Spent mushroom substrate (SMS) is the main co-product generated during the cultivation of Pleurotus ostreatus. This by-product is currently used almost exclusively for composting, and thus represents a significant management and environmental challenge for mushroom growers. However, SMS is rich in dietary fiber, making it a promising matrix for the recovery of bioactive compounds, particularly polysaccharides with potential functional properties. In this context, conventional extraction methods are being progressively replaced by more efficient and sustainable emerging technologies, such as ultrasound-assisted extraction (UAE), which relies on acoustic cavitation to disrupt cellular structures, enhance mass transfer, and increase extraction yields.

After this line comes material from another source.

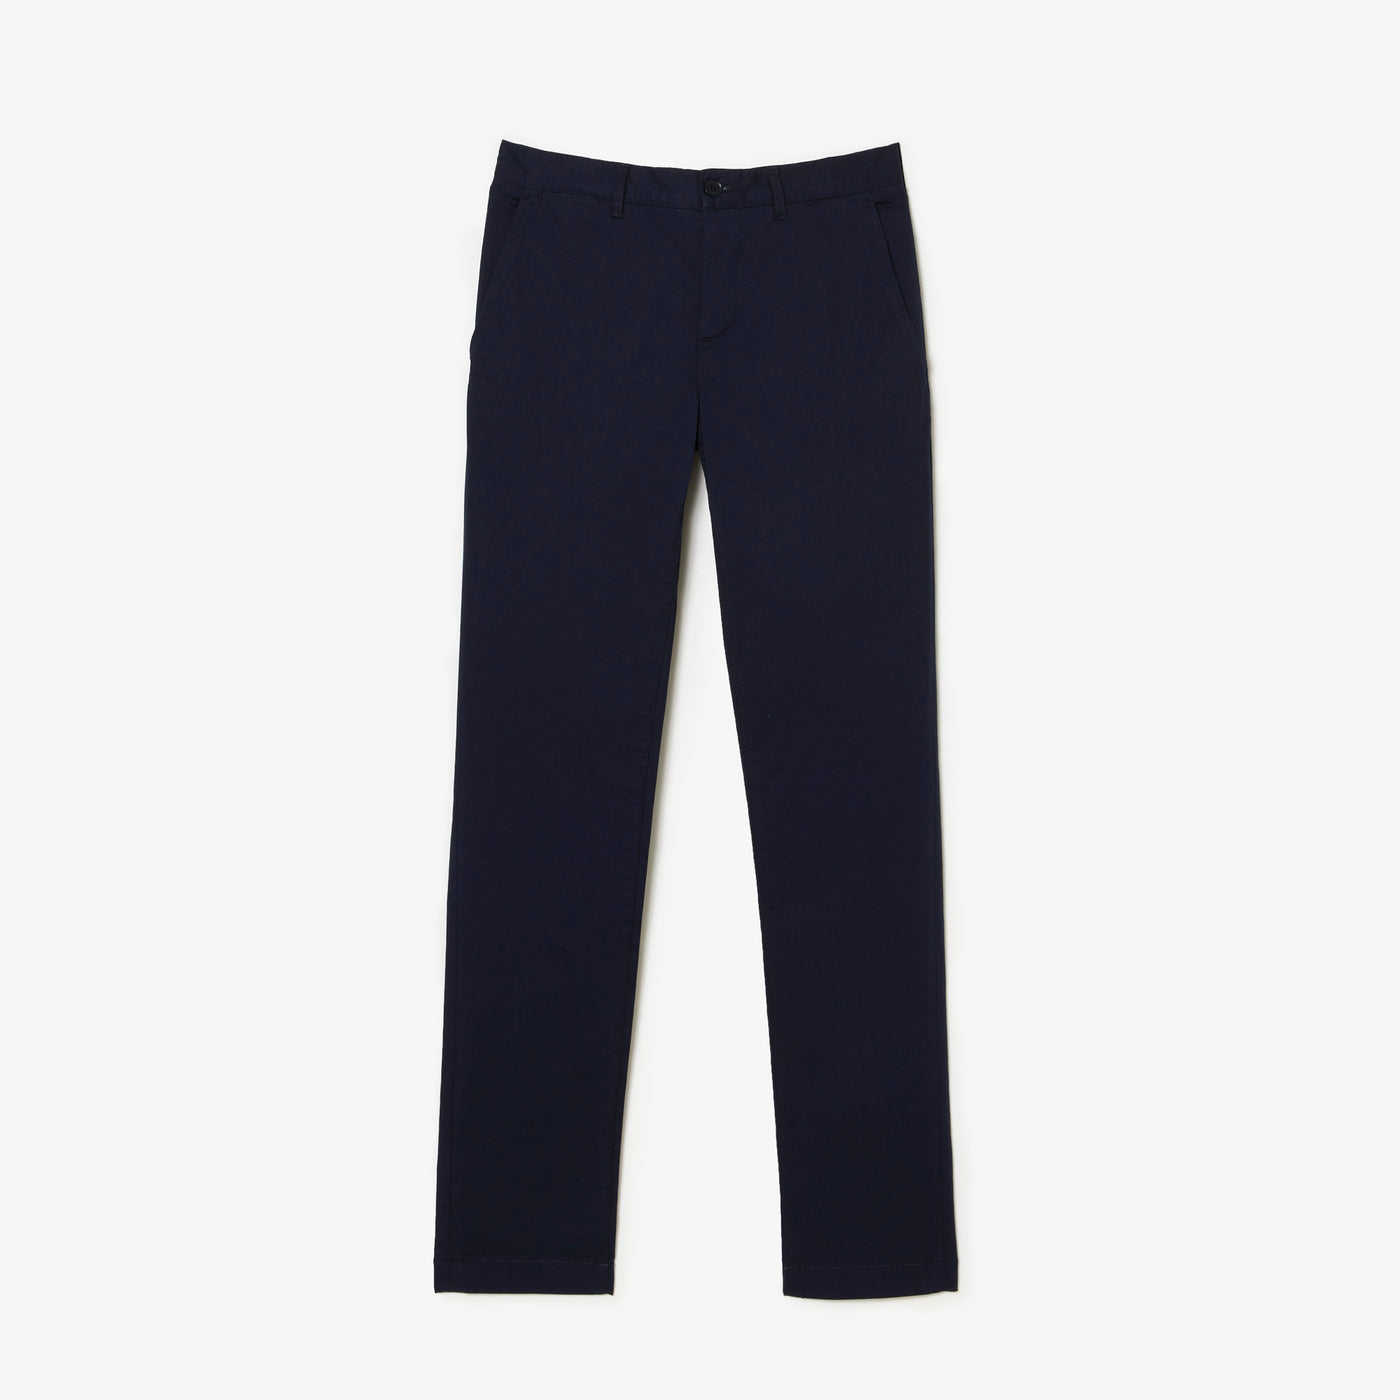 Shop The Latest Collection Of Lacoste Men'S Slim Fit Stretch Cotton Chino Trousers - Hh7970 In Lebanon

Therefore, the present study aims to optimize the extraction of soluble dietary fiber (SDF) from SMS of Pleurotus ostreatus using UAE.

The response surface method (RSM) combined with the Box–Behnken design method (BBD) was used to optimize the content of SDF. The effects of the solid–liquid ratio (15–40 g/L), ultrasound power (200–500 J/mL), and particle size (0.25–2 mm) on the content of SDF were examined. The experimental data obtained were fitted to a second-order polynomial equation using multiple regression analysis and analyzed by Statgraphics 19.0. It was found that two factors represented a significant effect (ratio and particle size). The coefficient of determination (R²) for the model was 80.8%. The optimal conditions for the extraction of SDF were a 27 g/L solid–liquid ratio, 200J/mL of ultrasound power, and a 2 mm particle size. Under the optimal conditions, the corresponding response value predicted for SDF production was 39.52%, which was confirmed by validation experiments (n:5). The findings of this study demonstrate that the utilisation of UAE not only enhances yields but also enables the extraction of 10% higher soluble fibre content compared to conventional extraction methods, with reduced extraction times.